Конечно, никто не пустил бы в дом незнакомого человека. Никто не позволил бы ему войти в свое личное пространство.

С любовью, М.

Я поставил чашку на стол и сказал, что мне пора.

– И куда ты пойдешь, Неемия?

Я ответил, решив, что он уже забыл.

– Ты ведь сказал, у вас каникулы.

– Да.

– Значит, ты будешь там один?

Вообще, объяснил я, мой сосед по комнате еще не уехал домой.

– Но мы с ним были на вечеринке, и он еще не вернулся…

– Значит, ему приятнее быть где-то еще, чем в студенческом общежитии.

Я признал, что так и есть, и он добавил:

– Как и тебе.

Что он имел в виду?

Он улыбнулся – редкой, драгоценной улыбкой, полной невыразимой доброты.
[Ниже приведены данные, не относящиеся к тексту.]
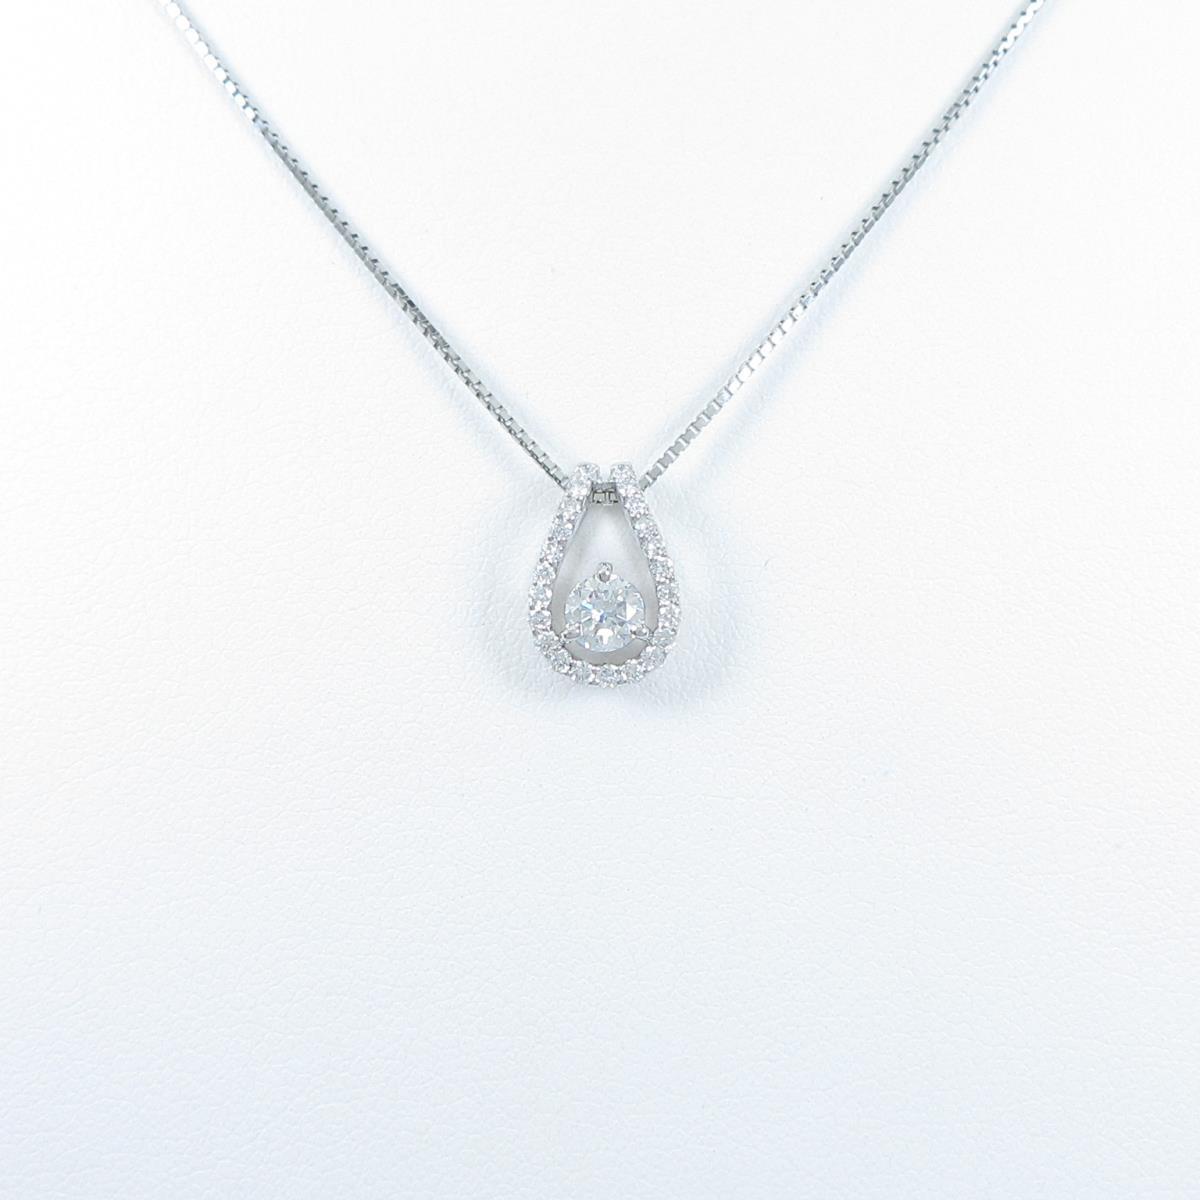 【新品】プラチナダイヤモンドネックレス 0.245ct・F・SI2・GOOD【新品】

Я был в его самом близком, самом тайном кругу.

– Мне кажется, мы всегда оказываемся там, куда нас тянет.


Буду честен.

Мои первые дни в бунгало были совсем не тем райским наслаждением, какое вы можете себе представить. Скорее они были полны недоумения (и сыра, но об этом чуть позже).

Сначала я просто не мог поверить, что я здесь. И я изо всех сил пытался понять мотивы Николаса. Он просто был добр? Вот чем это было – простой, ничем не замутненной добротой? Нет. Потому что это было окрашено особенной заботой. Тем, что Левинас[26]26
  Французский этический философ, профессор Сорбонны (1906–1995).


[Закрыть]
называл отношением лицом к лицу, rapport de face à face.
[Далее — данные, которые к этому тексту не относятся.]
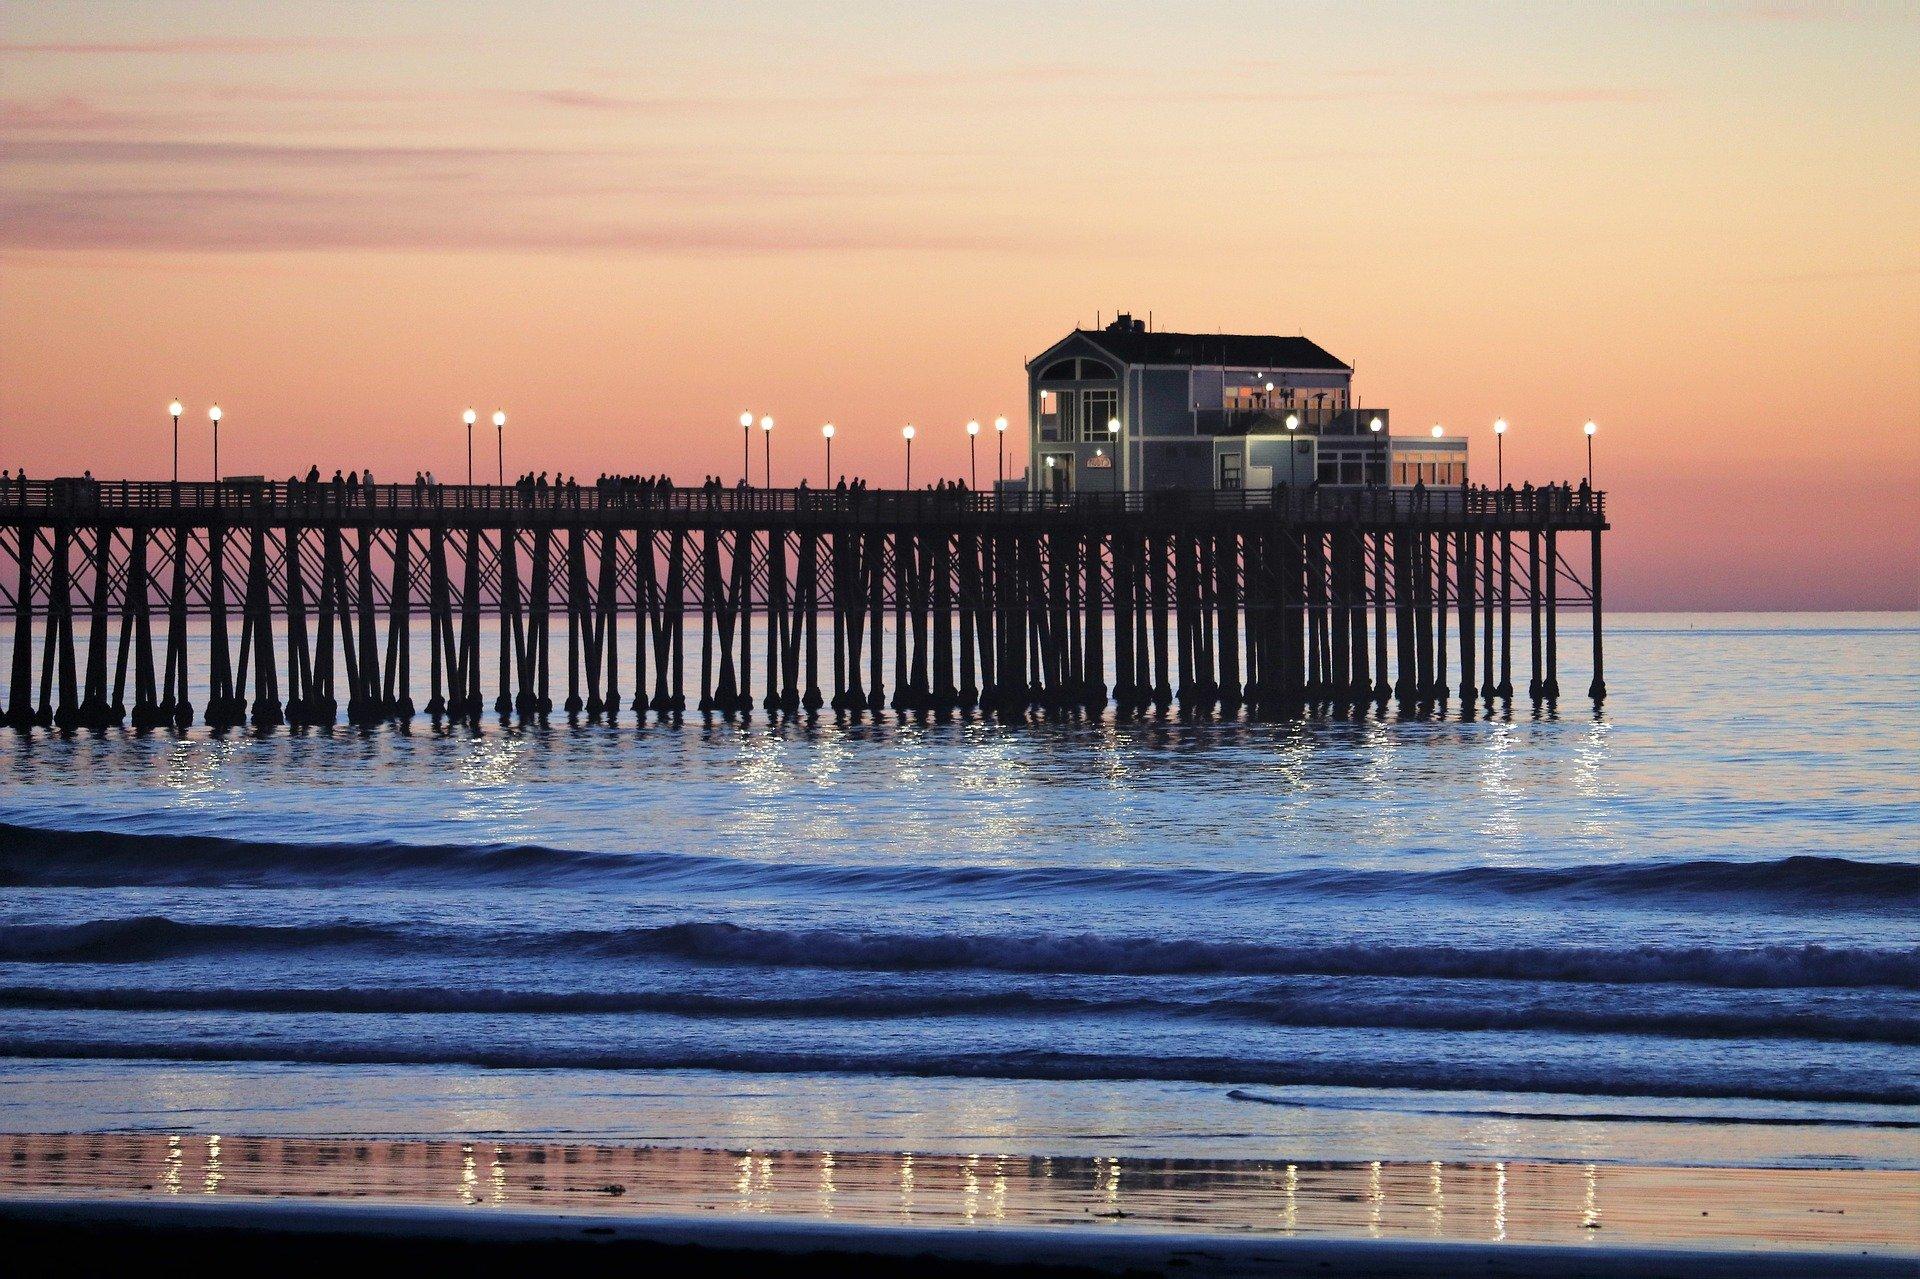 Oceanside Pier, California - VeteranCarDonations,org

Я вспоминал руки Николаса, уносившие меня прочь от башни, тащившие меня через лес, укладывавшие в кровать. Встреча лицом к лицу внушила ему чувство ответственности за меня.
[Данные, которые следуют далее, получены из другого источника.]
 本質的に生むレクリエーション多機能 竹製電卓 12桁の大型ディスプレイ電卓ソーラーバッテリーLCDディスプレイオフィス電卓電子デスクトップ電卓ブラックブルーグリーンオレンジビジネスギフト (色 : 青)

Может быть, на него повлияло простое желание чьего-то общества. Однако вариантов у него, вне всякого сомнения, было много. От сложных до льстивых, от остроумных до эрудированных. Почему же он предпочел – ведь он не выбирал – меня? Не потому же, что я был брошен на его пути, я, раненое, нуждавшееся в помощи существо, и у него не было выбора?

Еще хуже, если он понял, что со мной что-то не так. Что я эмоционально нестабилен, способен причинить себе вред. Он так и не спросил, зачем я пошел в лес, поднялся на башню. Это могло означать лишь то, что он сделал свои выводы. И все вело лишь к одному вердикту.

Это была жалость.

Самая отвратительная.

Благонамеренная, неуместная, едкая.

Я пытался прочесть ее в глазах Николаса, когда он был неосторожен, когда смотрел прямо на меня, но его черты были для меня загадкой – или, может быть, таили то, чего я не ожидал и не мог себе представить. Развлечение. Может быть, это было оно. Может, я его веселил. Как новая игрушка или милый питомец. Не это ли временами мелькало в его взгляде?

Но может быть, все эти вопросы всплыли уже потом. Тогда во мне говорила юность, ее легкость и беззаботность, радостная податливость. Он попросил меня остаться.

И я остался.

Ничего более интересного я придумать не могу.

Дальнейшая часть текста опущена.